Qualitative Insights and Failure Patterns
Persistent error cases (~15%) involved incorrect value extraction from wrong data sources rather than direct hallucination or analytical mistakes. This originated from navigation failures within the orchestration workflow—often induced by ambiguous or misleading simulation metadata, not by deficiencies in time-series analysis per se. Thus, future reliability gains may be achievable through enhanced domain ontology specification, improved tool documentation, or additional training on VSM-specific navigation tasks.
Limitations and Future Directions
Key limitations are noted:
- Agent reliability is still strongly model scale-dependent. Smaller LLMs remain brittle in navigation and context allocation.
- Computational cost is significant, given reliance on long-context inference and multi-step tool invocation, impacting energy use and evaluation run-time.
- The design presumes data elements (including long time-series) fit within manageable context—future work must address chunking, hierarchical summarization, and scalable pre-processing.

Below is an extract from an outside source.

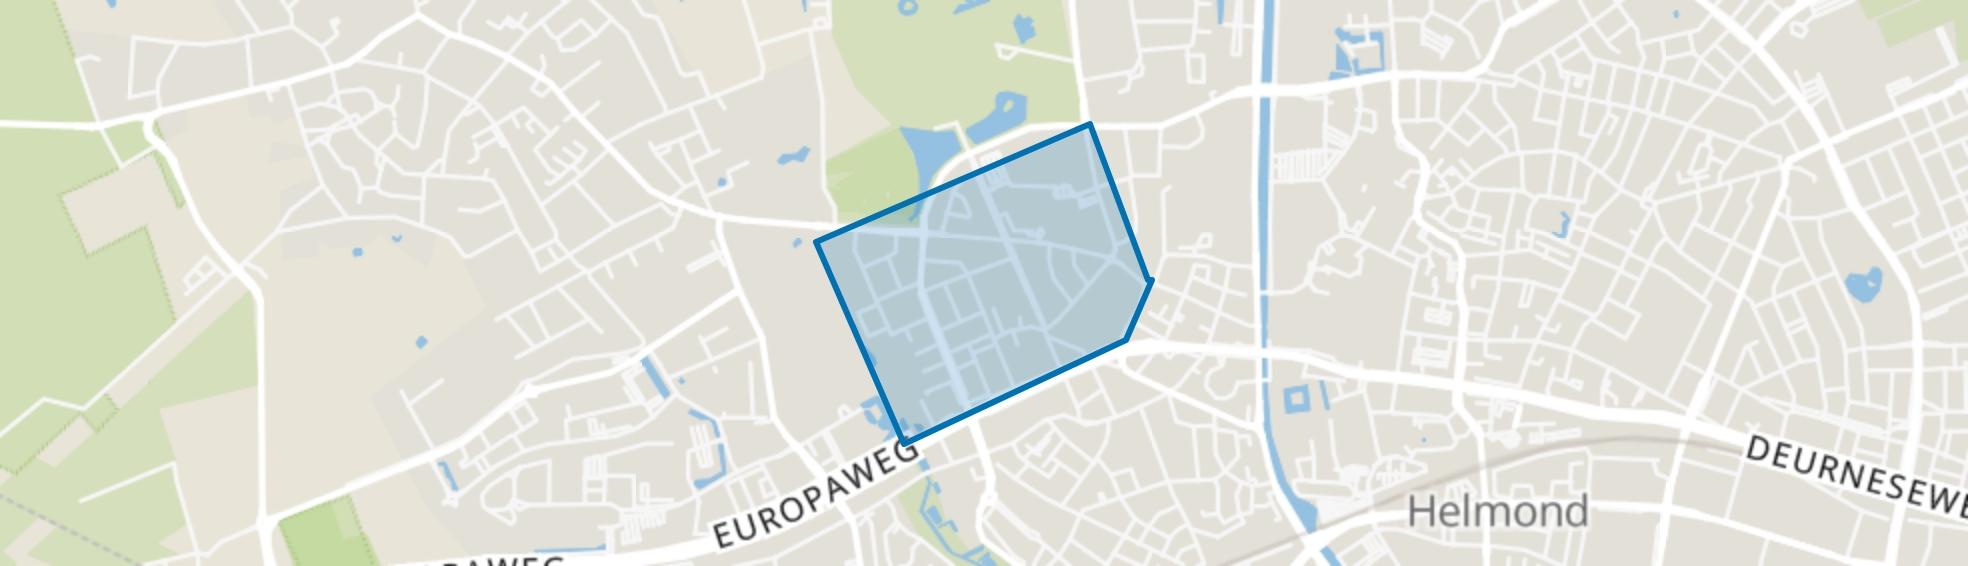 Oranjebuurt, Helmond map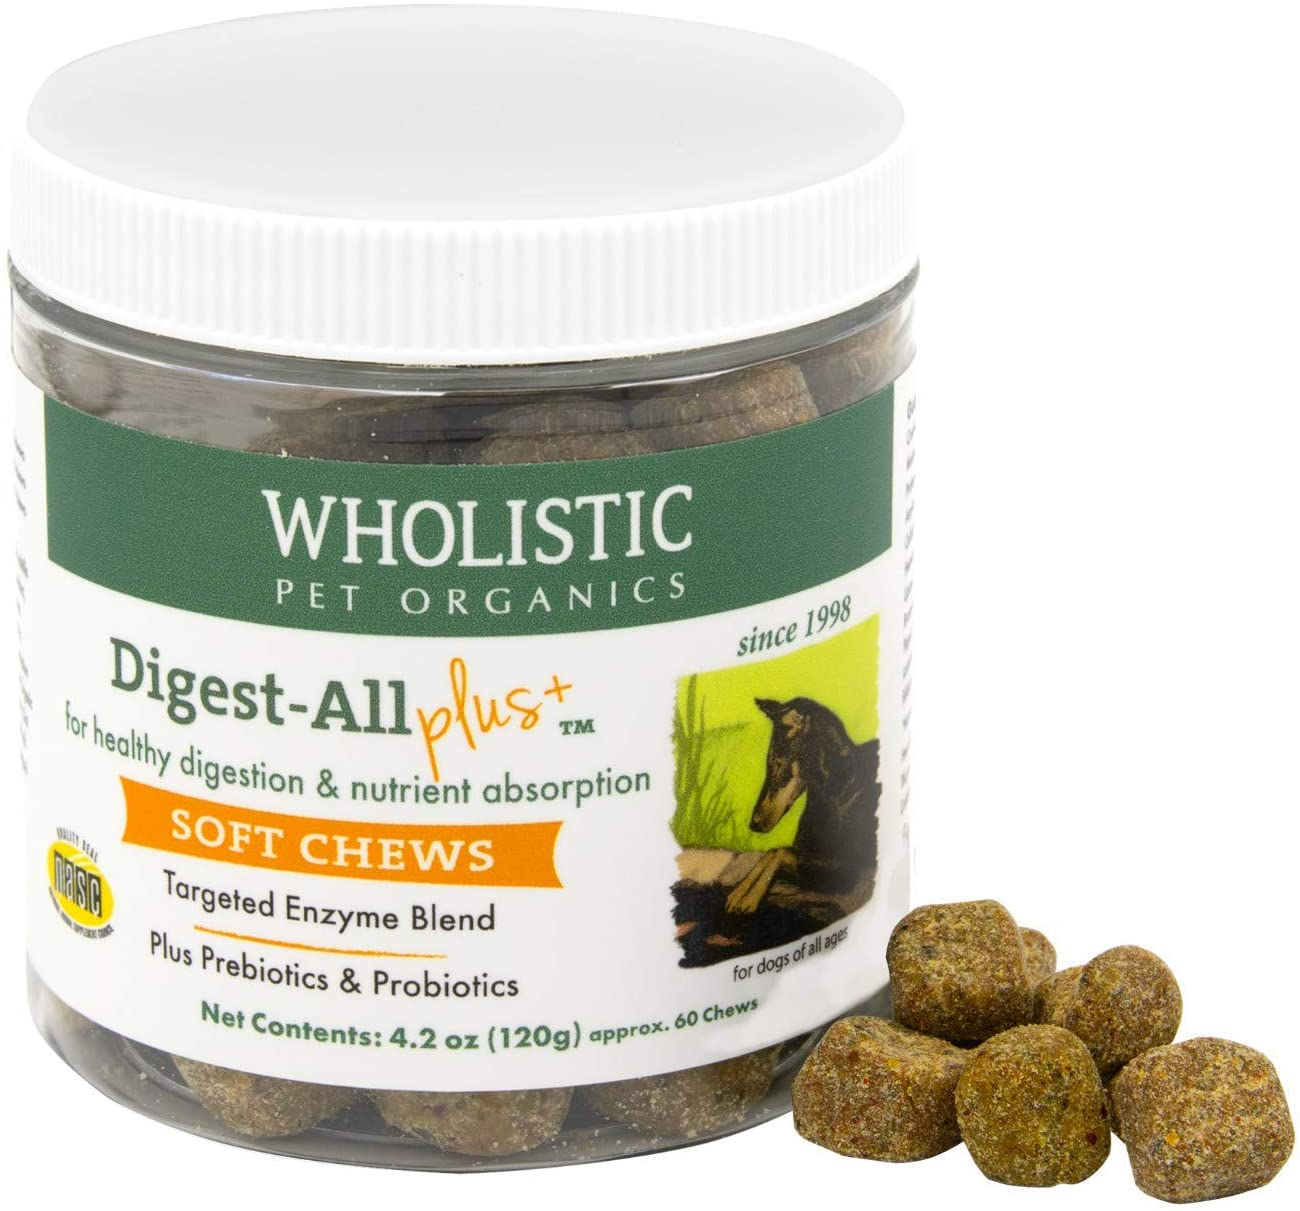 Wholistic Pet Organics Digest-All Plus Soft Chews Supplement

To reduce these bottlenecks, the authors propose exploration of alternative agentic patterns for more efficient data discovery, improved summarization workflows for lengthy timeseries, and ultimately, closing the full simulation-based optimization loop (i.e., enabling closed-loop scenario generation, simulation, and analysis all via agentic orchestration).
Conclusion
This study substantiates the viability and high accuracy of a decoupled, agentic architecture for LLM-driven insight discovery in complex VSM simulation domains (2604.12421). The design demonstrably bridges the gap between classical expert-driven workflows and automated, scalable simulation analysis, yielding SOTA performance with top-tier LLMs and opening a credible path for full agentic simulation optimization. Key challenges remain in scaling robustness to lower-resource LLMs and reducing operational cost, motivating future research into robust agentic orchestration, advanced tool-use, and VSM-specific prompt engineering for industrial AI.